Sans ellipses ni flashbacks, la structure linéaire du film empêche tout retour en arrière, l’action ne cesse d’avancer sans jamais laisser au public l’occasion de reprendre son souffle, nous avançons droit, toujours tout droit, les personnages progressent à travers les wagons où s’ensuivent divers affrontements, on pourrait y voir un parallèle avec les jeux vidéo dans lequel le joueur doit tuer les ennemis pour avancer sur un écran qui défile de droite à gauche. Ainsi Bong Joon-ho parvint à se servir de la contrainte horizontale du train en l’employant à son avantage.
Le réalisateur possède un gout des contrastes et des ruptures de ton qui oscille entre léger et grave. Le comique grotesque de certaines scènes comme les messes mystico-propagandistes à la gloire de Wilford se heurtent ainsi à la violence tragique du périple des « queutards ». Avançant par saccades et suspensions, la scène de bataille est ainsi interrompue par la célébration du nouvel an, déjouant nos attentes.
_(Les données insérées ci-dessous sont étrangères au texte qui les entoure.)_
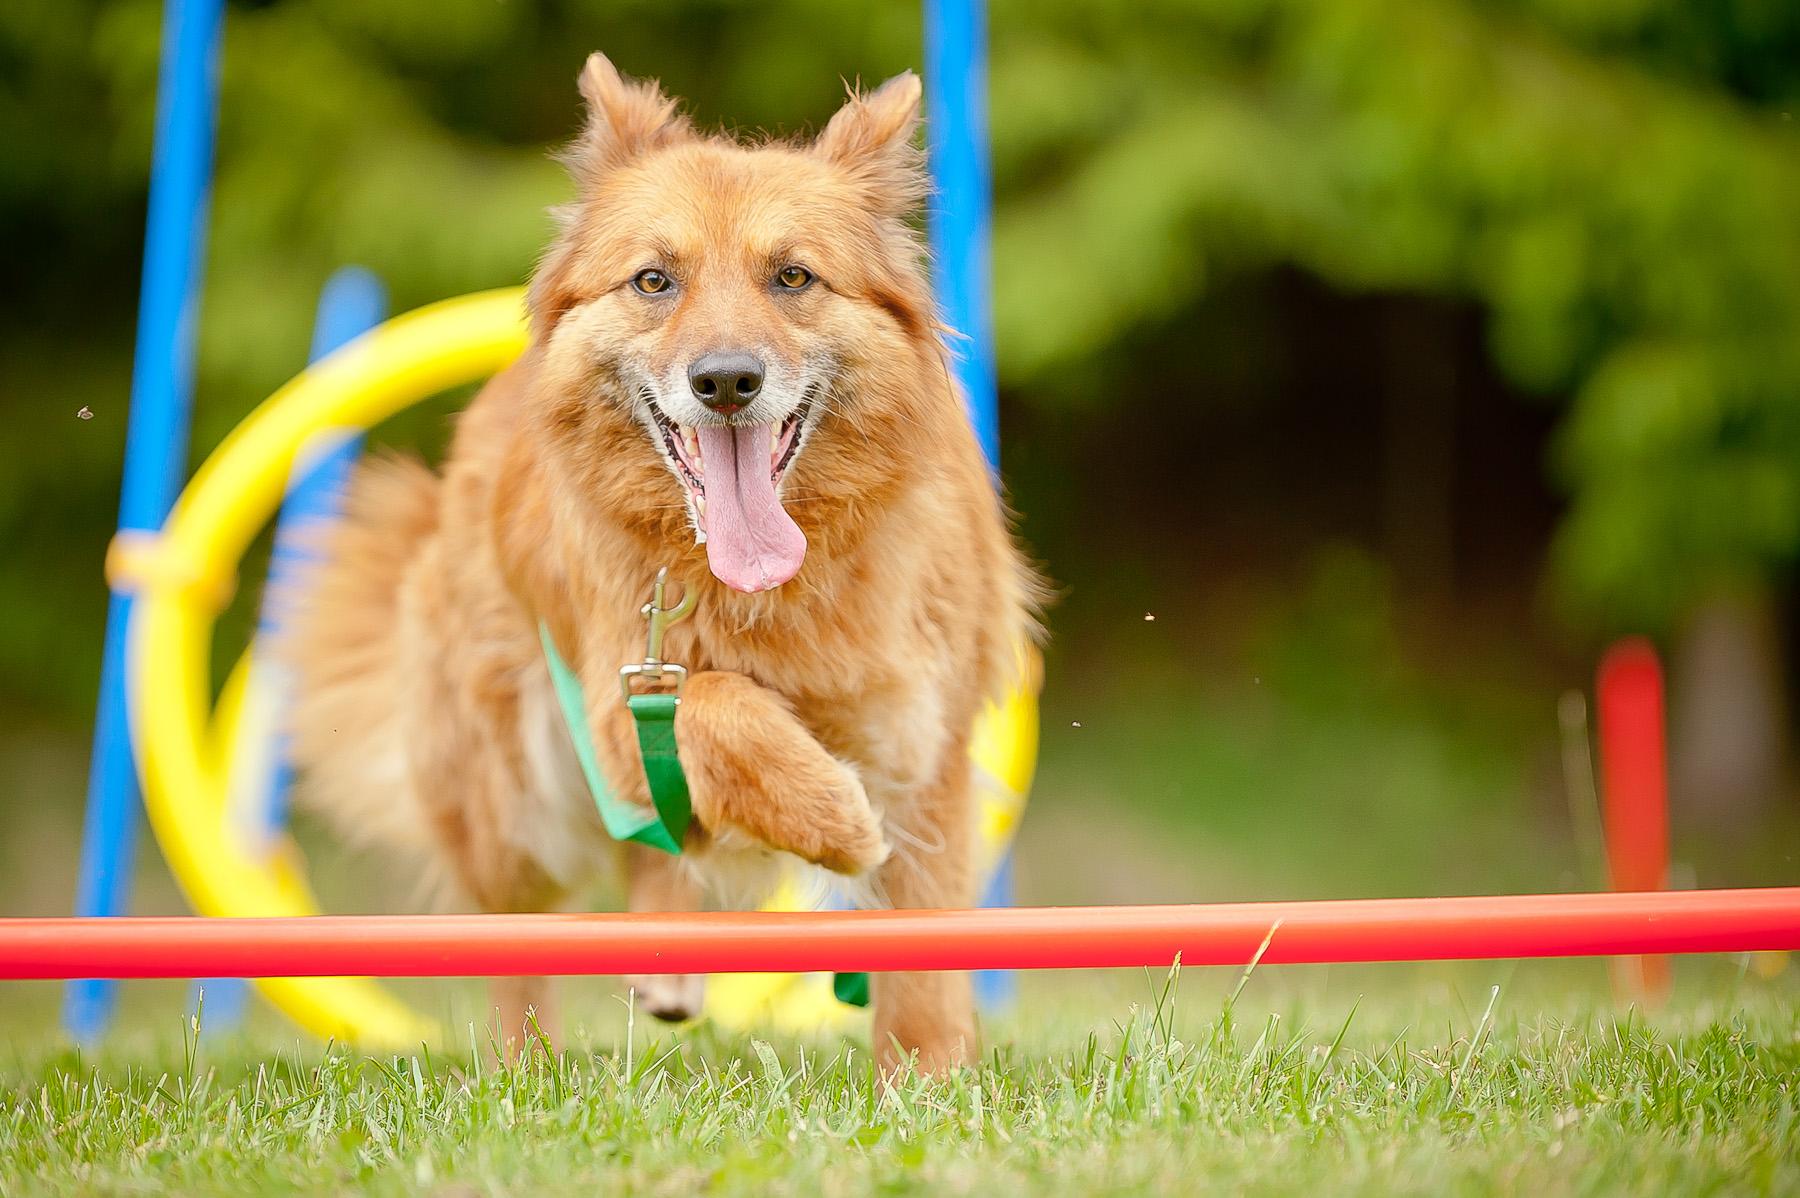 Die Tierarztpraxis Grath bietet auch eine Hundeschule an, in der es auch ein Trainingscamp gibt

Le film maintient jusqu’à son terme cette oscillation détonante entre plusieurs registres, plusieurs émotions sans jamais se répéter ni se relâcher ce qui permet à l’histoire de rebondir lorsqu’on ne s’y attend pas.
Le film se concentre sur le parcours allégorique misant davantage sur la caractérisation de ses personnages que sur la crédibilité de son univers qui abandonne toute rationalité vers le milieu de l’intrigue (où vivent les animaux ? Comment l’aquarium fonctionne ? Où vivent les autres passagers ?). Ainsi plutôt que de créer un train-univers similaire à une ville, le réalisateur préfère nous livrer un récit « mental » dans lequel les protagonistes côtoient une représentation intemporel du monde (multigénérationnel ) et dans lequel des personnages de plusieurs nationalités évoluent (l’acteur coréen Song Kang-ho) renforçant l’idée de phénomène mondial. Conscient qu’il est dans l’irréel, Bong Joon-ho réussit à exporter sa culture asiatique en s’éloignant des concepts rationnels du cinéma occidental en proposant un univers symbolique et riche.
Finalement le réalisateur décide de traiter comment exprimer le libre arbitre au sein d’une société simulacre d’elle-même en mettant en scène un meneur qui croit être libre de son destin, alors qu’il n’en est rien, dirigé dans l’ombre par le créateur de ce système. Le train se déshumanise en se civilisant, les enjeux s’assombrissent à mesure que la lumière pénètre les wagons (pas de fenêtres à l’arrière), et la logique du cercle vicieux, renforcée par le trajet en boucle de l’arche, s’installe tout au long de l’intrigue dans lequel se mêle une portée socio-politiques et environnemental. La fin du film laisse planer l’espoir. Après le déraillement de la machine mettant fin au système, les dernières images du long métrage passent par un retour à la solidarité mené par la jeune génération.
Une page blanche pour l'humanité qui vient tout juste d'être foulé par ces deux jeunes enfants.
Un film vivifiant et intelligent dans tous les sens du terme.